More comments, but out of time. Will continue tomorrow or next week.

test/hotspot/gtest/nmt/test_vmatree.cpp line 67:

> 65:   using Tree = VMATree;
> 66:   using Node = Tree::TreapNode;
> 67:   using NCS = NativeCallStackStorage;

Tree: not consistently used. I would prefer consistent use of VMATree, but if you alias, it should at least be used consistently.
NCS: not used at all.
If you need these definitions, can they not be somewhere at the start of the file?

test/hotspot/gtest/nmt/test_vmatree.cpp line 70:

> 68:   NativeCallStackStorage ncs(true);
> 69:   NativeCallStackStorage::StackIndex si1 = ncs.push(stack1);
> 70:   NativeCallStackStorage::StackIndex si2 = ncs.push(stack2);

Should be provided by the fixup class, or as global statics.

test/hotspot/gtest/nmt/test_vmatree.cpp line 71:

> 69:   NativeCallStackStorage::StackIndex si1 = ncs.push(stack1);
> 70:   NativeCallStackStorage::StackIndex si2 = ncs.push(stack2);
> 71: 

Please make these auto functions normal conventional functions. I really dislike that style.

It has real disadvantages. For example, no IDE I know can resolve a call graph across them, or even into them. E.g., in CDT, one of the most capable C++ IDEs, the call graph for VMATreeTest::in_type_of gives me .... nothing. I need to do a dumb full text search to find the call sites. And if the term to search for is very generic, I am out of luck. I know several developers that rely heavily on call graph search in CDT, I certainly do.

New techniques should serve a purpose. Lambdas as replacement for our old Closures makes sense, since they bring benefit (avoiding runtime polymorphy). But here I don't see the point.

test/hotspot/gtest/nmt/test_vmatree.cpp line 77:

> 75:     for (int i = 0; i < 100; i++) {
> 76:       tree.reserve_mapping(i * 100, 100, rd);
> 77:     }

No need to do this 100 times, and it somewhat obfuscates what you want to do here. Another problem with 100 times is that you seem to like EXPECT more than ASSERT, and if error we get 100+ error messages.

Comment is inprecise. Only 2 nodes *if properties match*. Please change comment to something like "adjacent areas having the same properties should be merged", then simplify to something like "reserve 1, reserve 2, expect count 2"

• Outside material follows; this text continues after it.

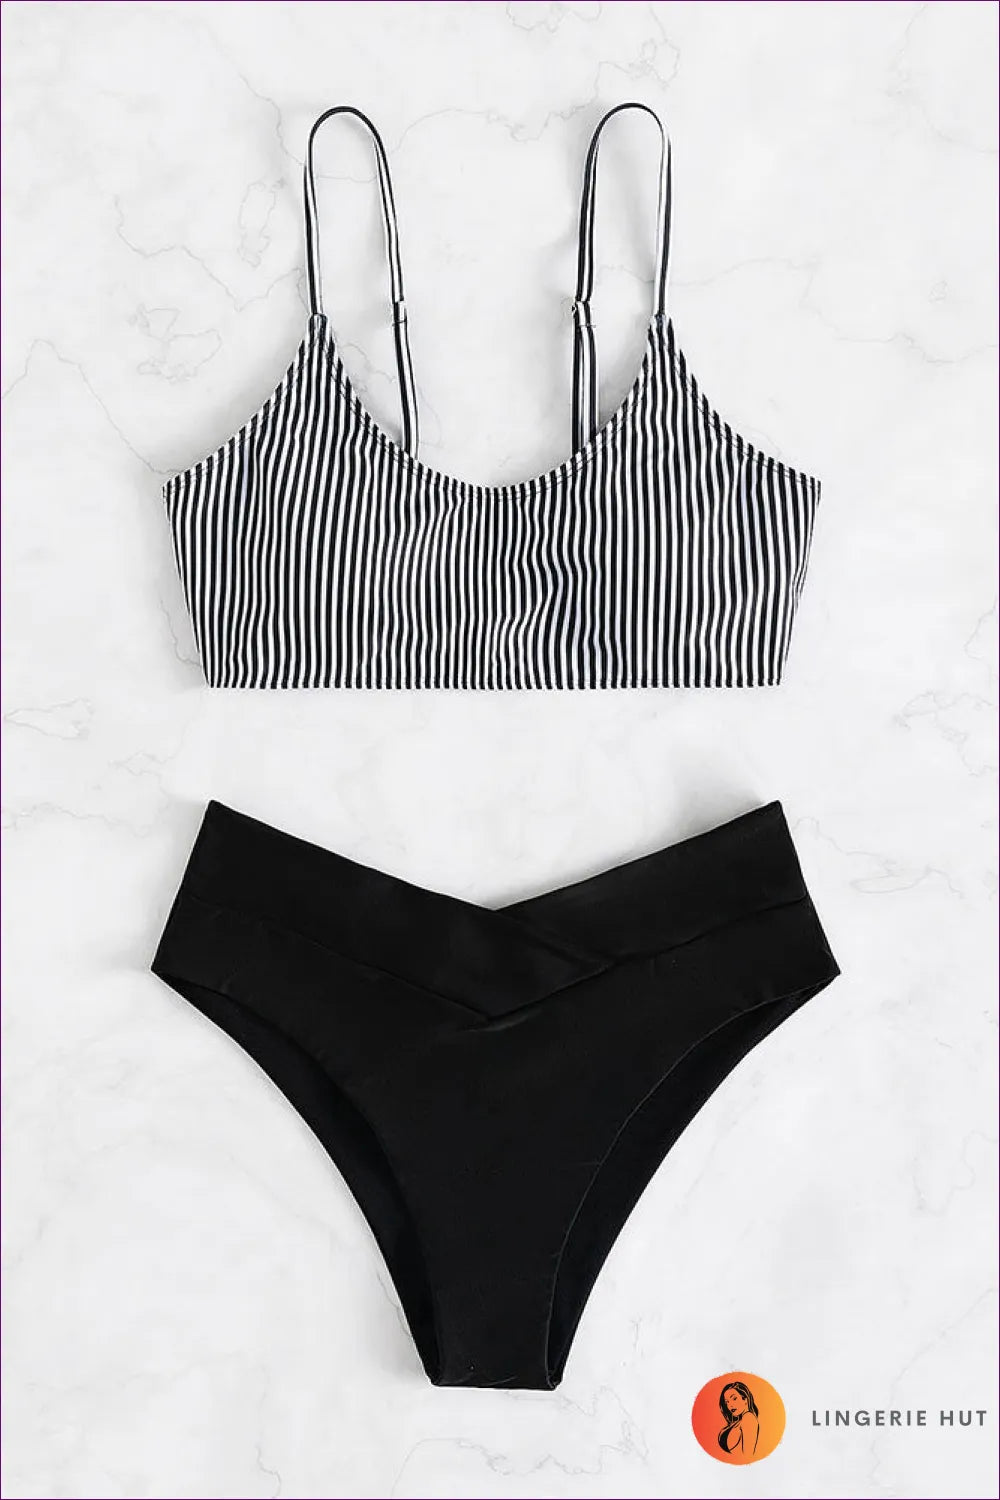 Embrace Sunny Adventures With Our Striped High Waist Triangle Bikini. Dive Into Style Its Playful Stripes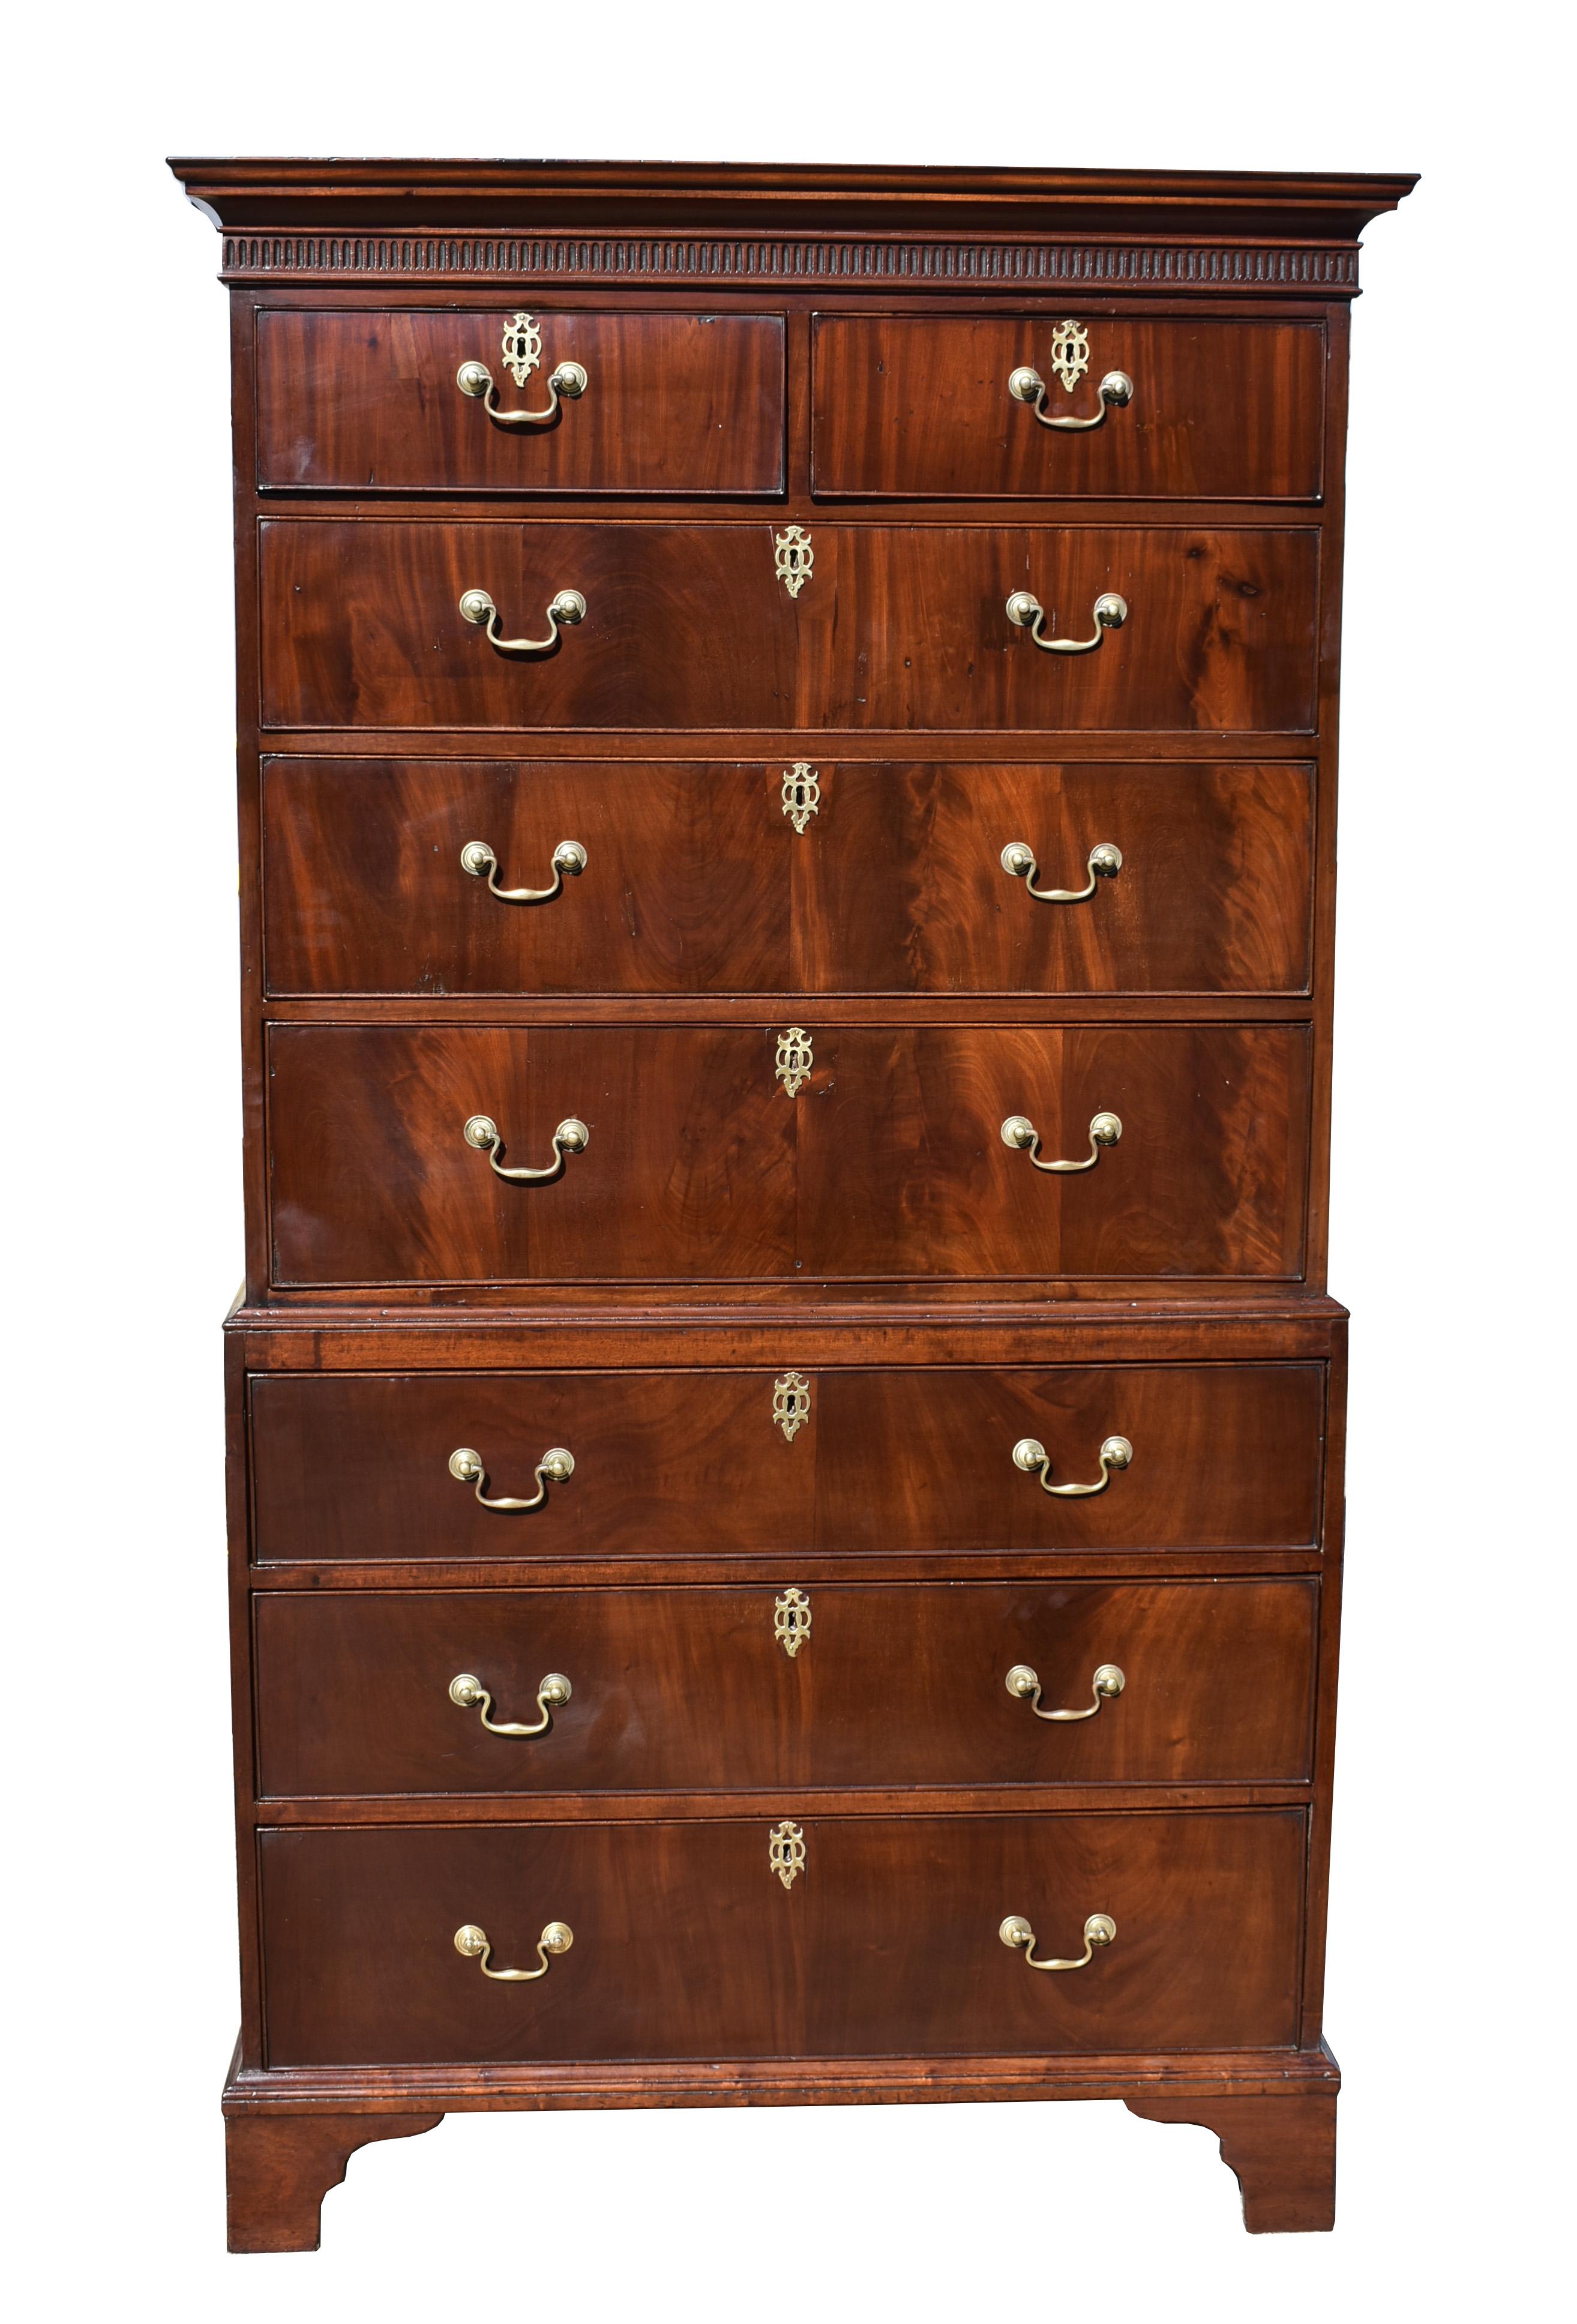 For sale is a good quality George III mahogany chest on chest. The top having two short drawers over three long drawers, each having brass handles and escutcheons. The bottom section has a further three drawers and stands on bracket feet. There are

test/hotspot/gtest/nmt/test_vmatree.cpp line 81:

> 79:     treap(tree).visit_range_in_order(0, 999999, [&](Node* x) {
> 80:       found_nodes++;
> 81:     });

Recurring pattern. Give the fixture class a `count_nodes()` and do it there. 
Ideally, with some sugar for asserts to keep testing code small, e.g. `assert_count(int expected_count)`.

test/hotspot/gtest/nmt/test_vmatree.cpp line 125:

> 123:     for (int i = 0; i < 100; i++) {
> 124:       tree.release_mapping(i*100, 100);
> 125:     }

If you feel you need the 100-times-reservation, write a helper function in the fixture. reserve_100() or so.

test/hotspot/gtest/nmt/test_vmatree.cpp line 126:

> 124:       tree.release_mapping(i*100, 100);
> 125:     }
> 126:     EXPECT_EQ(nullptr, treap_root(tree)) << "Releasing all memory should result in an empty tree";

Recurring. Give fixture something like assert_null_root()

test/hotspot/gtest/nmt/test_vmatree.cpp line 156:

> 154:       }
> 155:       i++;
> 156:     });

This doesn't really test the state, nor the stack. It also seems to be a lot of code for a single-use test. Similar in other tests.

---

Proposal: since you have the recurring pattern of doing something with the tree, then checking its expected state, write a check function in the fixture (e.g. assert_tree_state() ) that does that.

Then use it like this:

// Committing in middle of reservation ends with a sequence of 4 nodes
TEST_VM_F(VMATreeTest, commit_in_middle_of_reservation) {

	... reserve, commit in middle, then

	const AddressState expected_states[] = {
		{ 0,  .... },
		{ 25,  .... },
		{ 50,  .... },
		{ 100,  .... } };
	assert_tree_state(expected_states, 4);
}

And to preserve your sanity when constructing AddressState with its many components, you can add a helper that allows that in a human-friendly form.

For example:
A string that encodes flag, stack, and reserved/Commit state in three letters. 
First letter: A-H, let this be one of 8 selected MEMFLAGS or - for mtNone
Second letter: a-d, let this be one of 4 selected stacks, or - for no stack/empty
Third letter: R or C , resreved, committed or none, or - for unreserved
Season to taste.

Then, e.g. for reserving 0..100, and committing 25..50, you write:

const AddressState expected_states[] = {
	makestate( 0, "---", "AaR"),
	makestate(25, "AaR", "AaC"),
	makestate(50, "AaC", "AaR"),
	makestate( 0, "AaR", "---") };
assert_tree_state(expected_states, 4);

Now you can write a bunch of corner-case tests without being too verbose, intent is immediately clear. As an added bonus, it checks for tree state *exactly*, e.g. which nodes are part of the tree, which are not, in which order, etc.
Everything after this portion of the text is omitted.